Troubling history of racial assumptions about lung function

Experts have been pointing to grim roots of race-based spirometry that date back to slavery.

Southern physician and plantation owner Samuel Cartwright was the first to determine lower lung capacity in Black people compared to white people, according to medical historian Lundy Braun.

A professor of pathology, laboratory medicine and Africana studies, Braun researches racism, structures of inequality and medical pedagogy. She wrote the book “Breathing Race into the Machine: The Surprising Career of the Spirometer from Plantation to Genetics.”

A large survey of Black and white soldiers during the 1860s claimed—without adjustment for height or the conditions of recently emancipated enslaved people—Black people had lower lung capacity than white people, Braun explained in an essay detailing the history of the issue.

Throughout the essay Braun cites staggering instances throughout history of similar assumptions made by researchers about people of color—as well as those who tried to call it out.

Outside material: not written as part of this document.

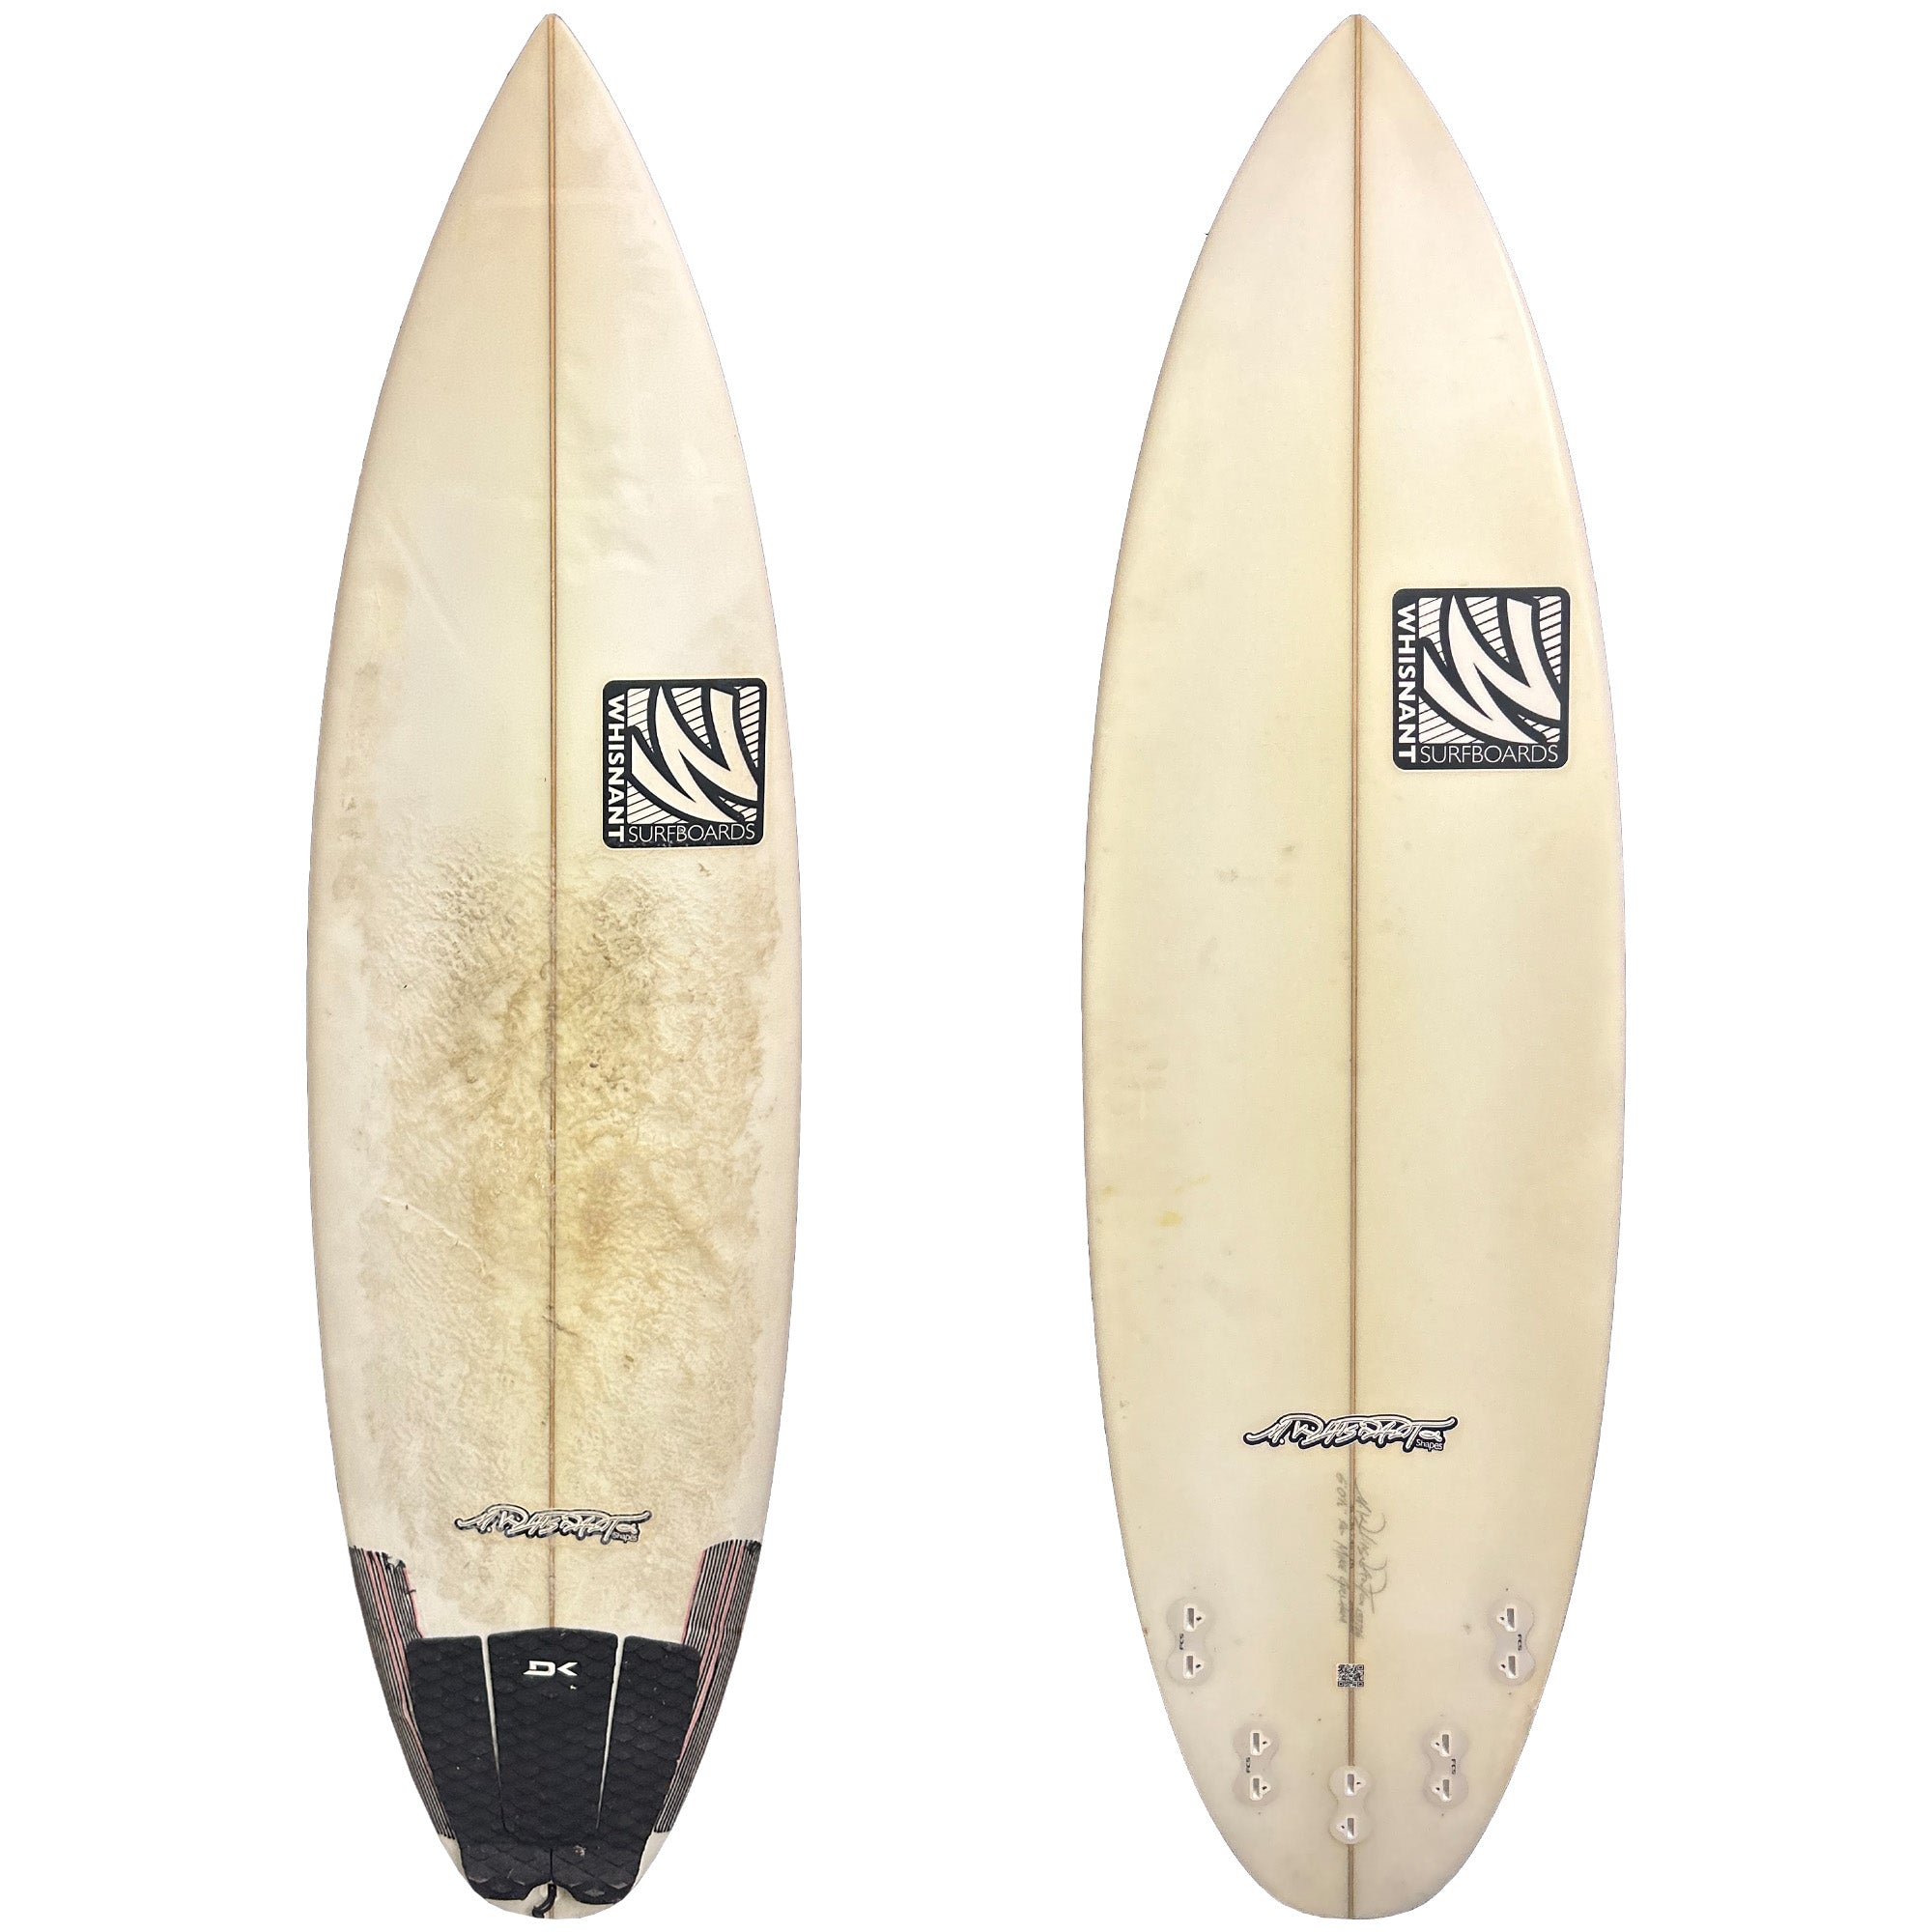 Whisnant 6'0 1/2 Consignment Surfboard
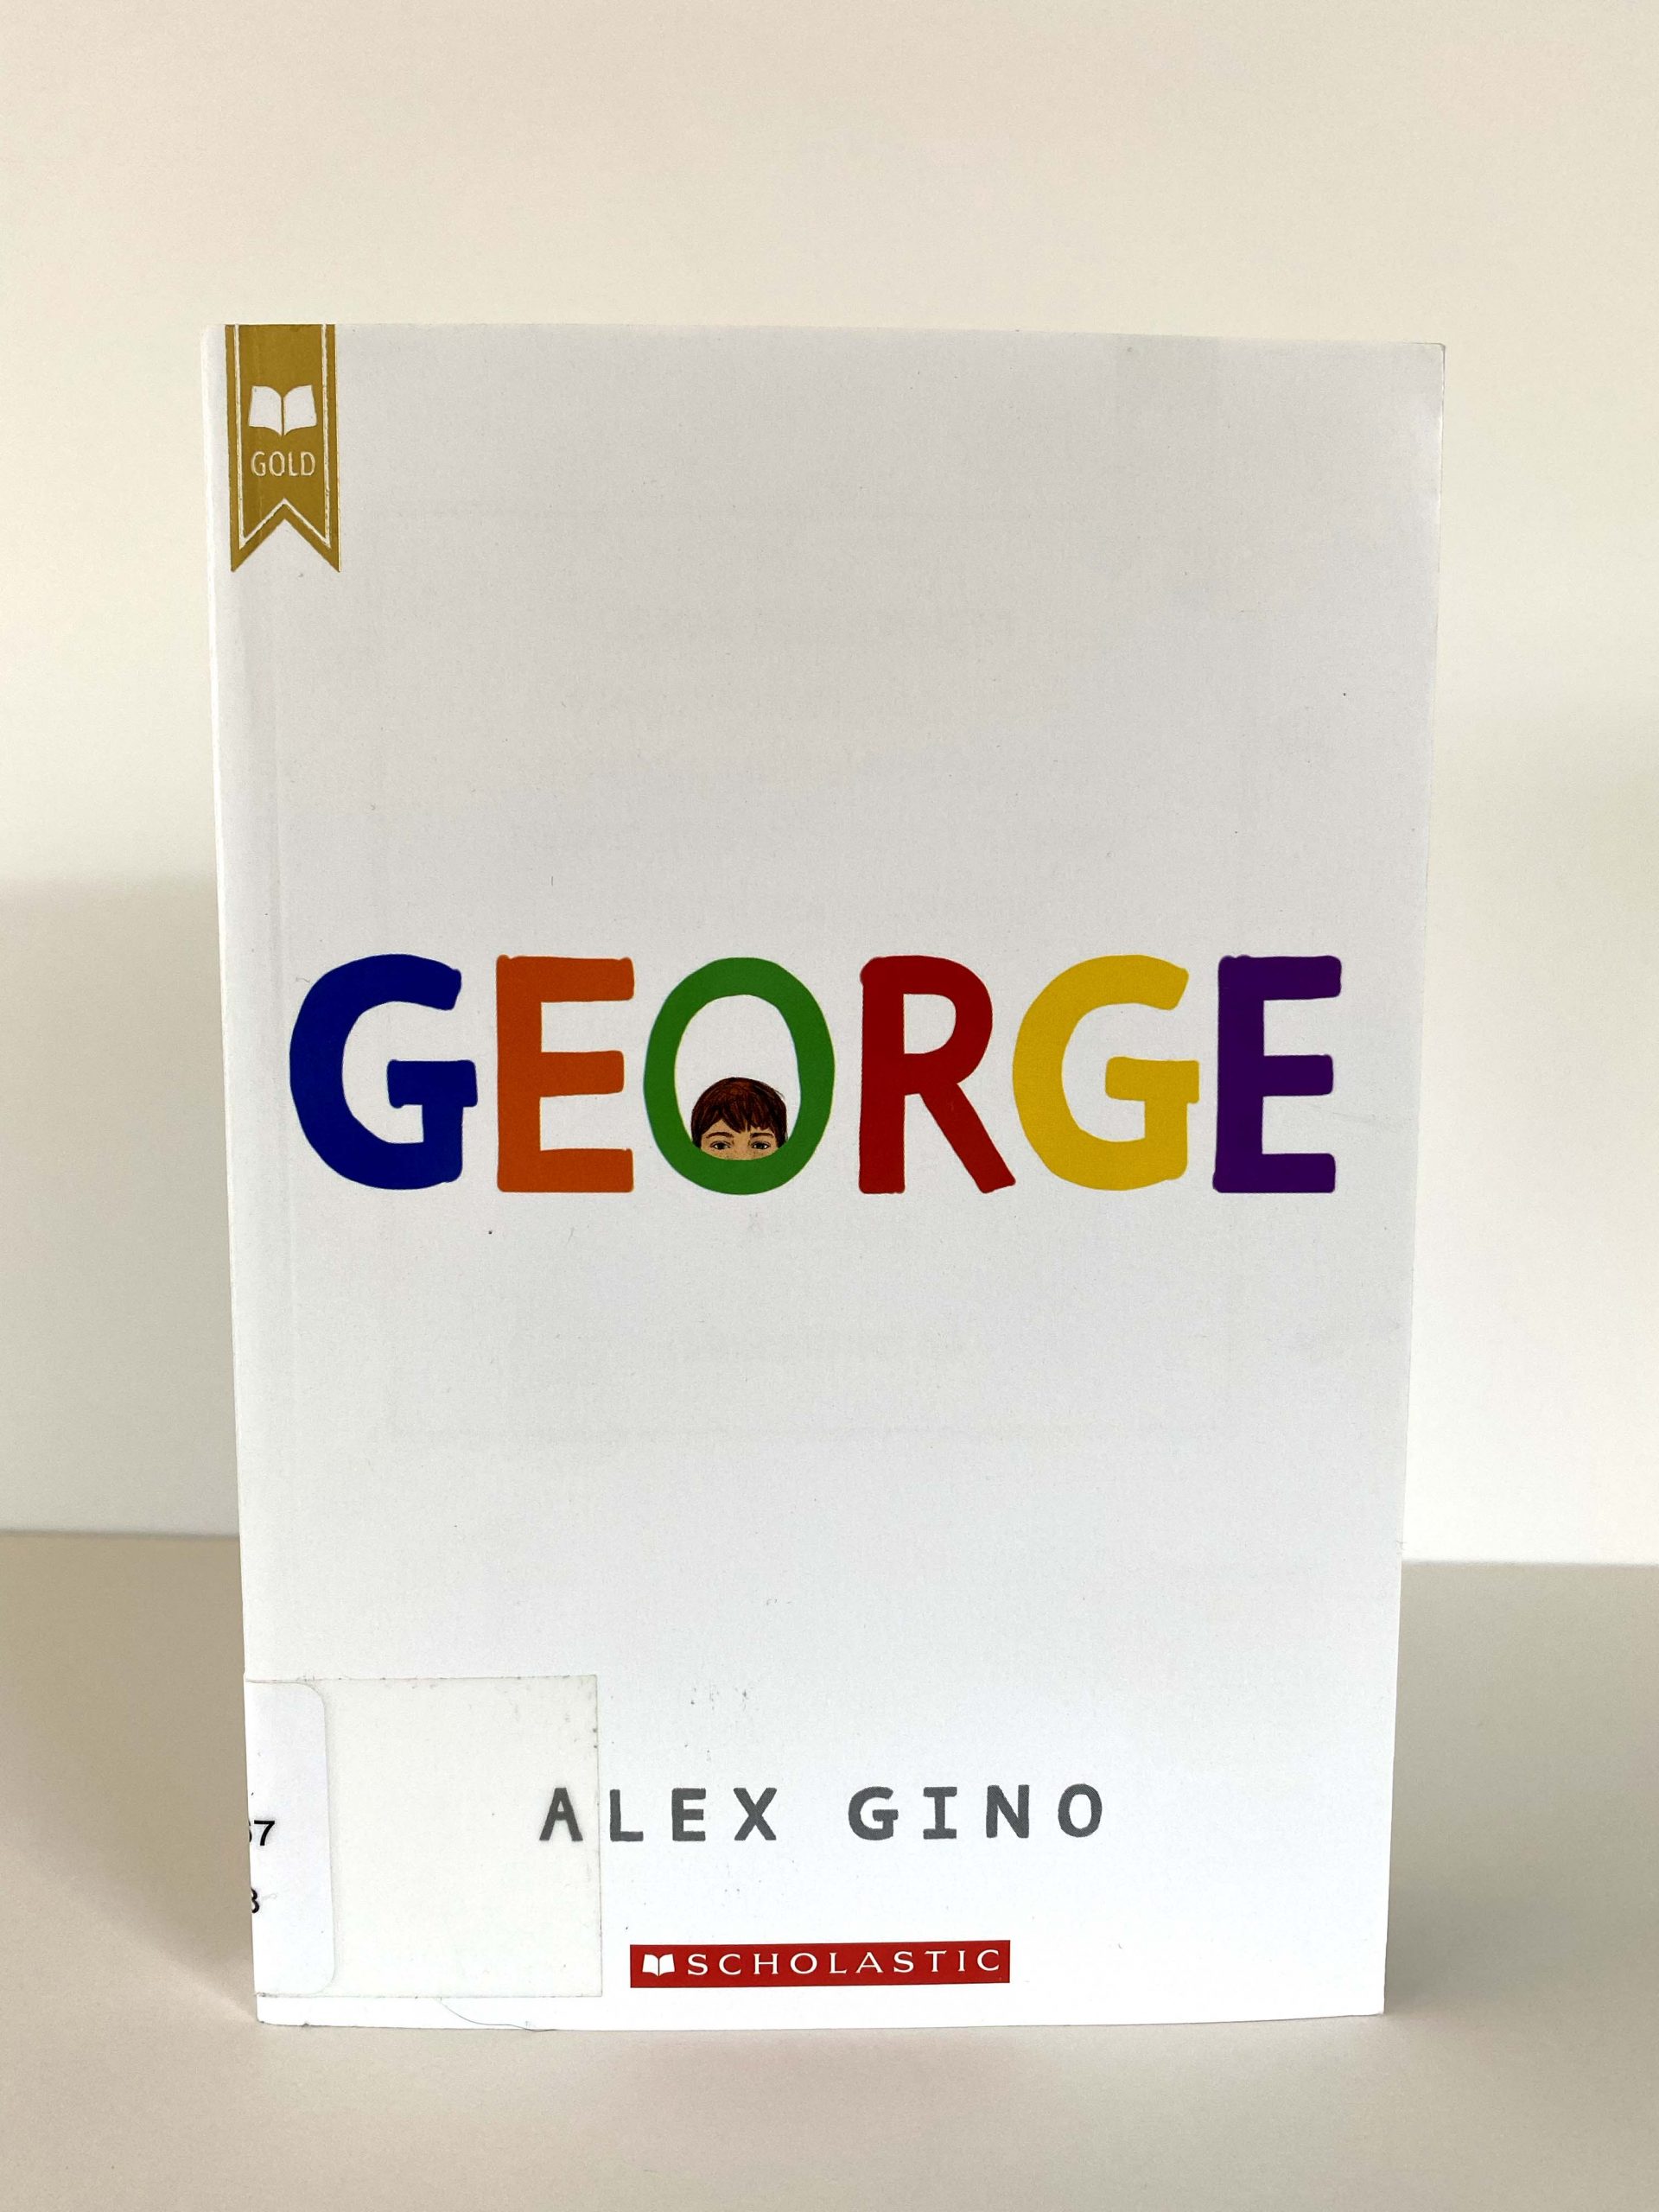 A book with colored letters that say "GEORGE," with a face peaking out from the O.

“South African researchers questioned the interpretations of difference, arguing that previous research failed to account fully for social conditions,” Braun wrote. “North American and European researchers, however, failed to cite these articles and the idea that racial difference was innate remained firmly entrenched in the pulmonology literature.”

“It’s essential,” Braun wrote, “to rethink race correction of spirometric measurements.”